At the other end of Auckland, Manurewa South School principal Tone Kolose said his roll had jumped from 320 children last year to more than 380, and it was still growing.

"We were surprised that the school's roll had grown dramatically, we weren't expecting the 20 percent increase of students. We are kind of expecting to hit the 400 mark, maybe 410 by the end of the year," he said.

Mr Kolose said the increase had forced the school to use half its library as a classroom and he expected it would have use the other half of that building and the school's hall for teaching space.

About 30 or 40 children were coming to the school from other neighbourhoods, but even with an enrolment zone the growth was unlikely to stop because other factors were driving more people into the area, he said.

"We're noticing that more families are moving in with families, so we have bigger numbers of people living in the same houses," he said.

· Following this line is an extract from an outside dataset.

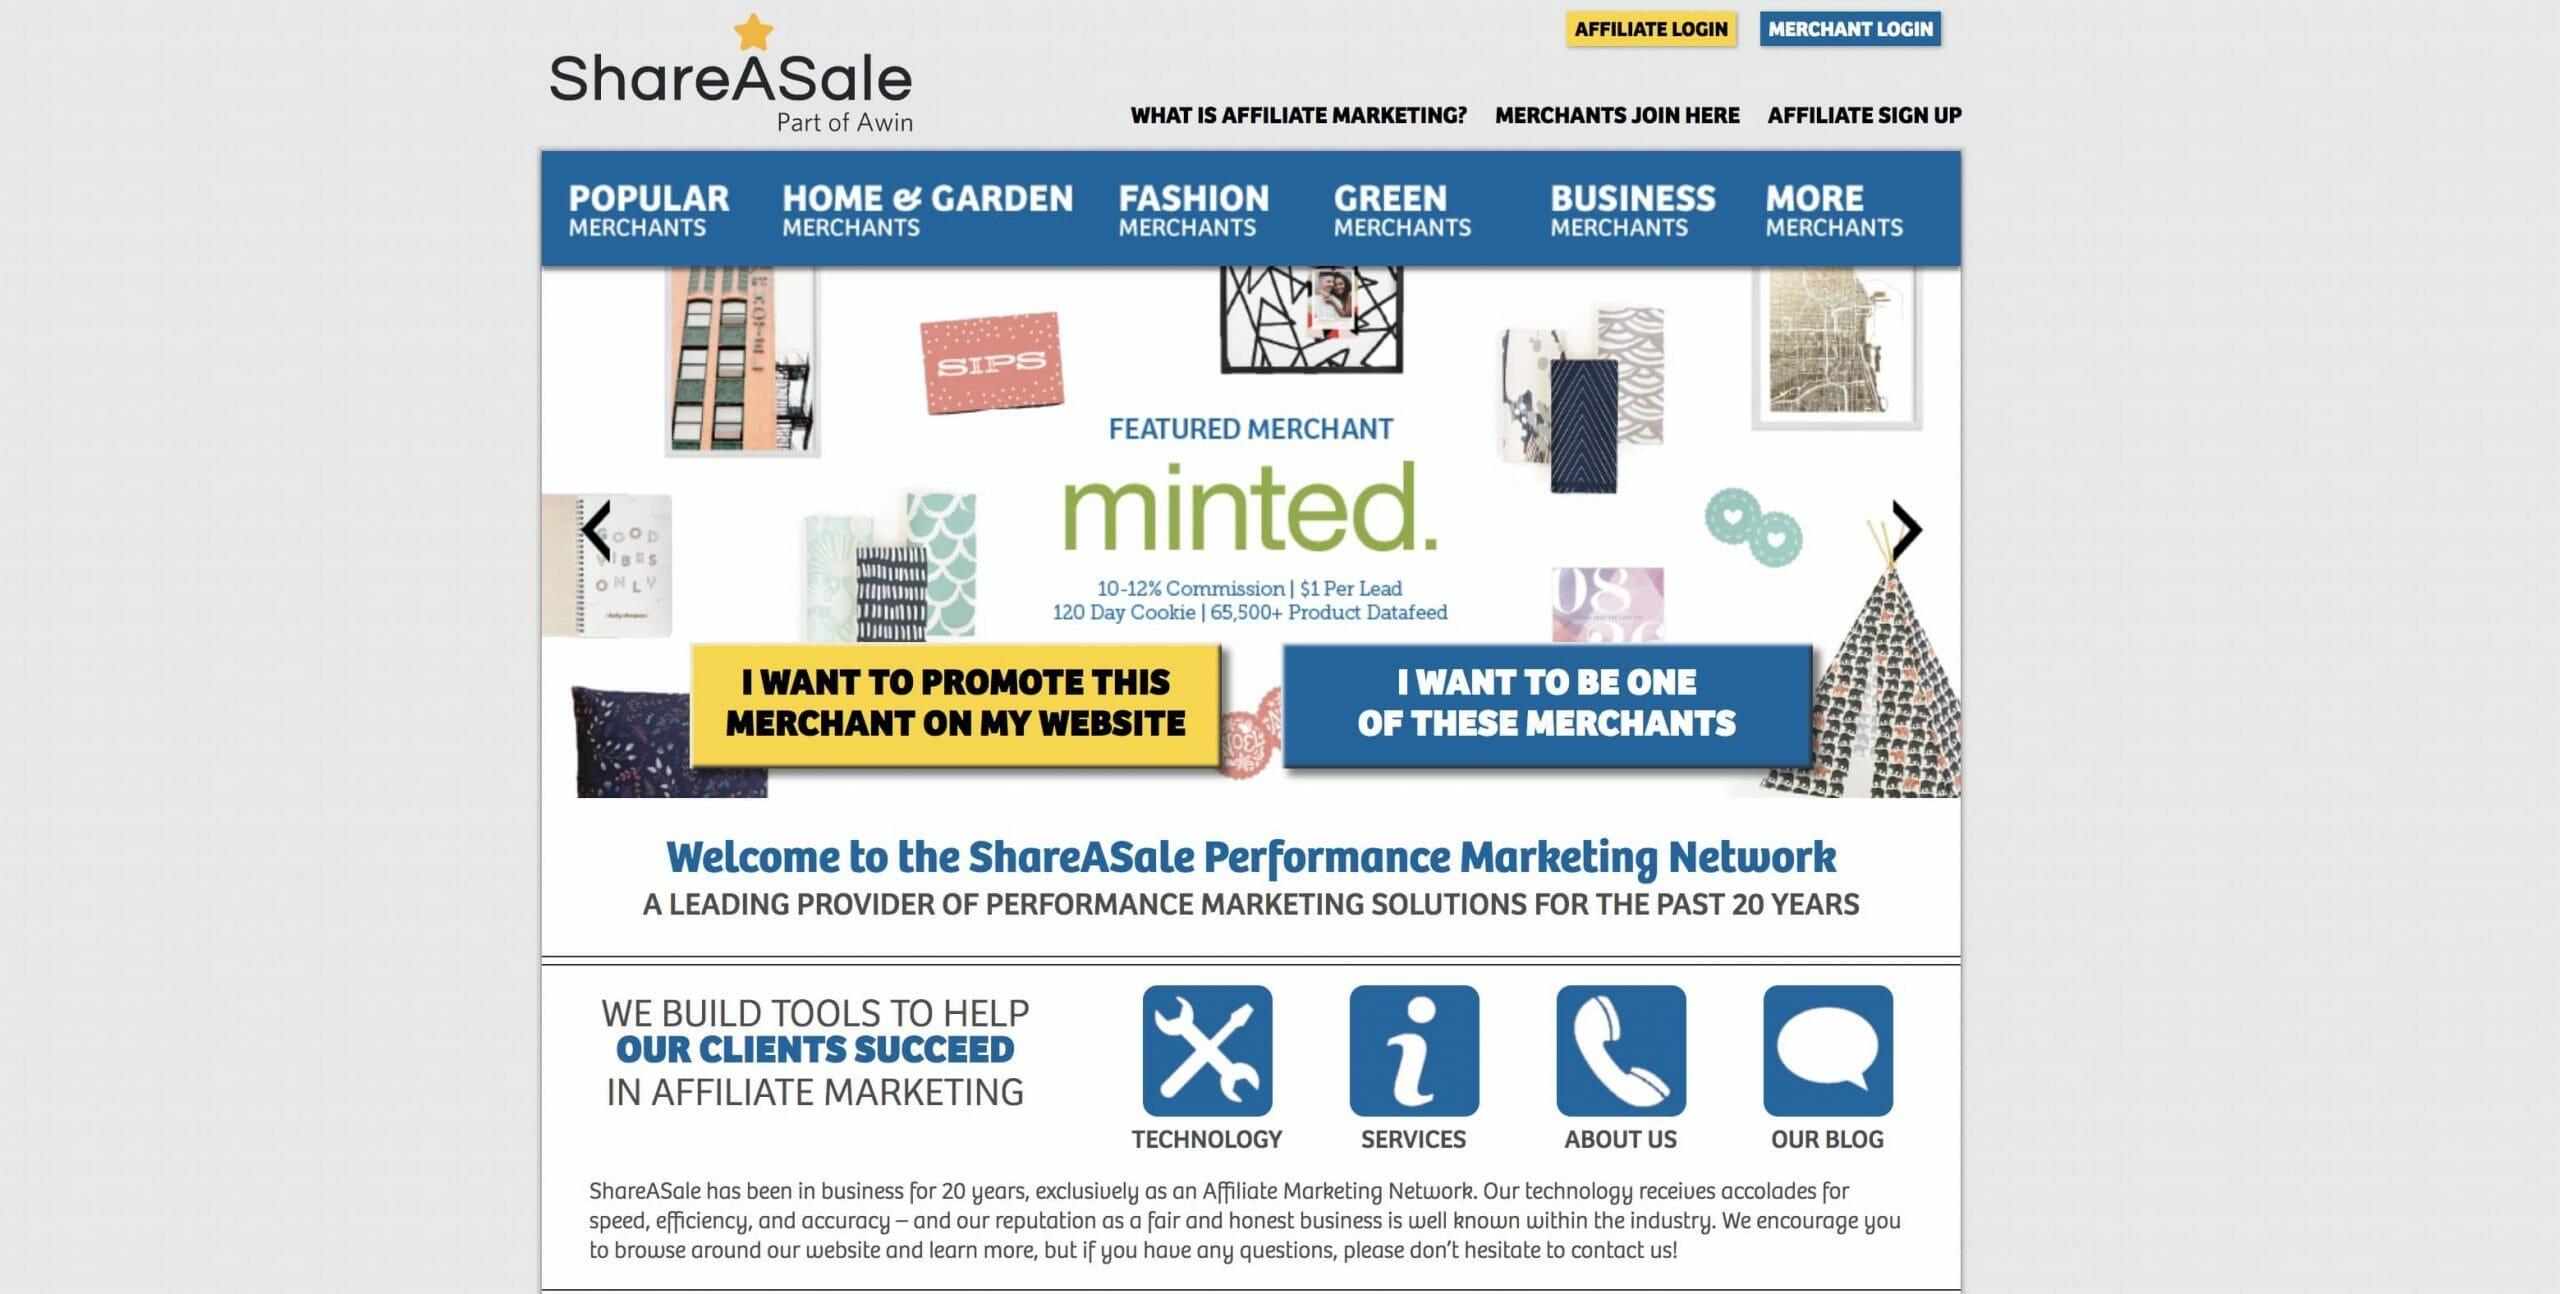 Shareasale Homepage Snapshot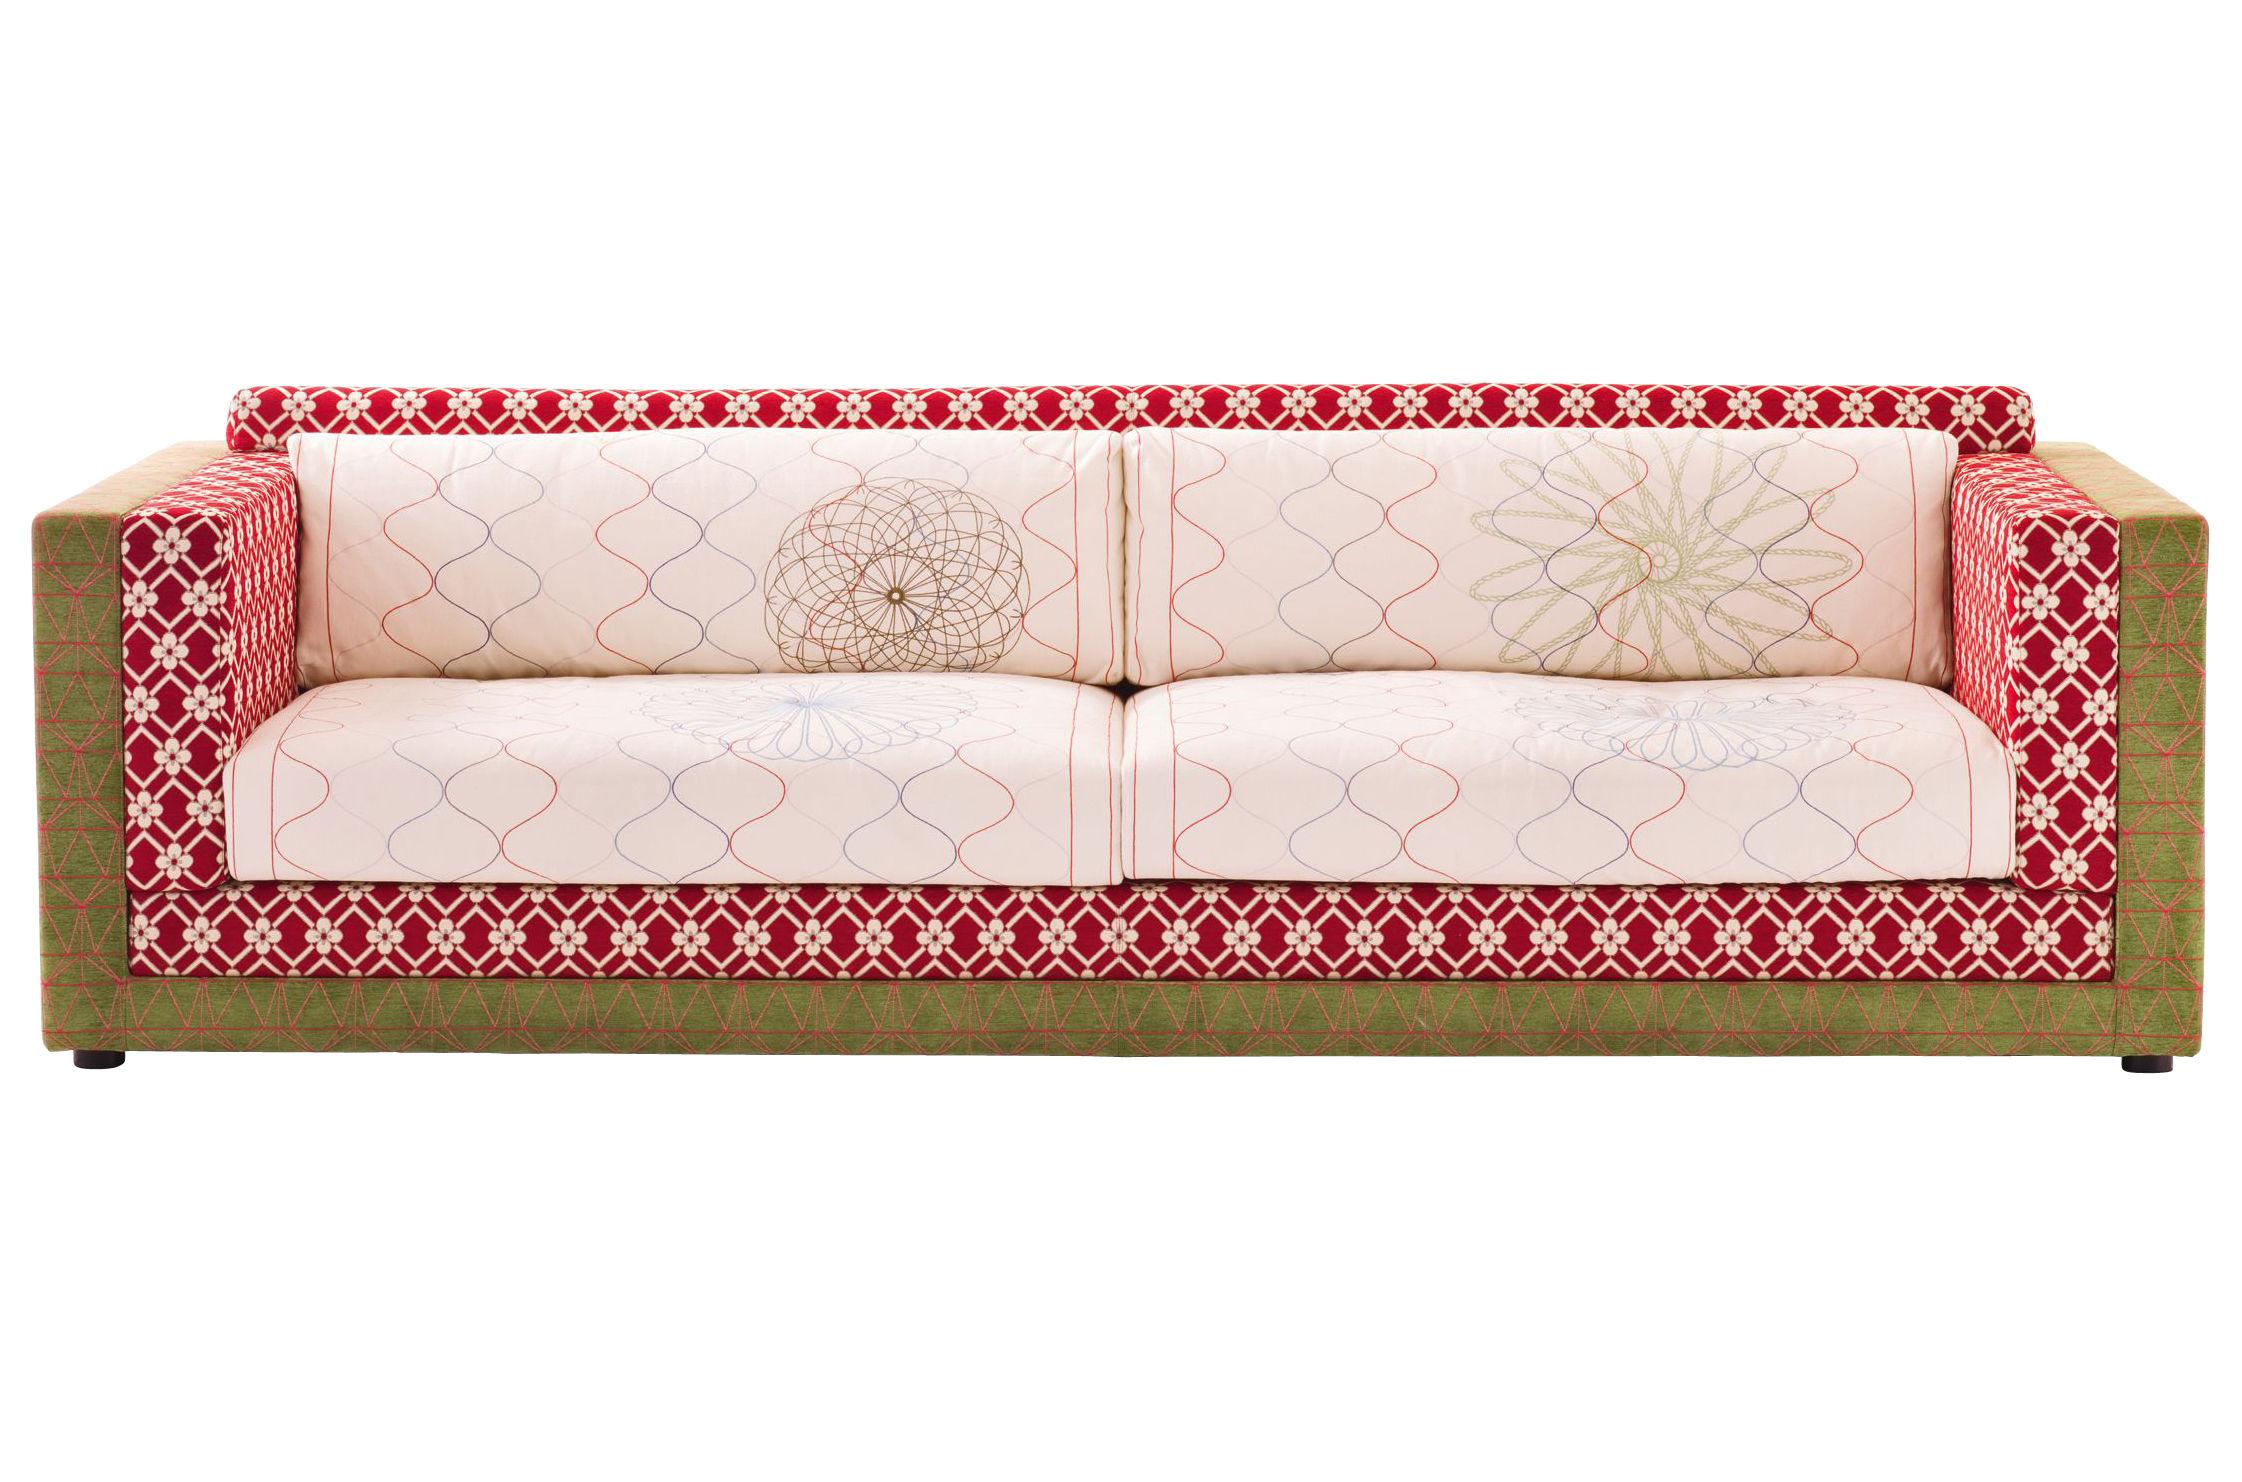 Arredamento - Divani moderni - Divano destro Sushi - Karmakoma - 3 posti di Moroso - L 210 cm - Bianco, rosso e verde - Tessuto

In addition, there were new state house developments and more people buying homes in the area, Mr Kolose said.

The Education Ministry's deputy secretary sector enablement and support, Katrina Casey, said the Auckland school network grew by 8 percent or 19,500 students in the past 10 years, reaching a high of 275,465 students last year.

"The region is growing faster and at a more sustained rate than ever before and we expect over the next decade it will continue to grow at the fastest rate since 2001," Ms Casey said.

"We could see between 30,000 and 60,000 more school-age students in the network by 2030. We are working to meet this projected growth in a range of ways including optimising the current network, expanding current schools and building new schools."

Ms Casey said the ministry was working on an Auckland growth plan and a national network plan for growth to 2030, which would go to the government later this year.

She said since the 2014 government Budget the ministry had been allocated funding to provide an additional 25,000 student places in Auckland, of which 9300 had been completed and a further 3000 were expected in the next 12 months.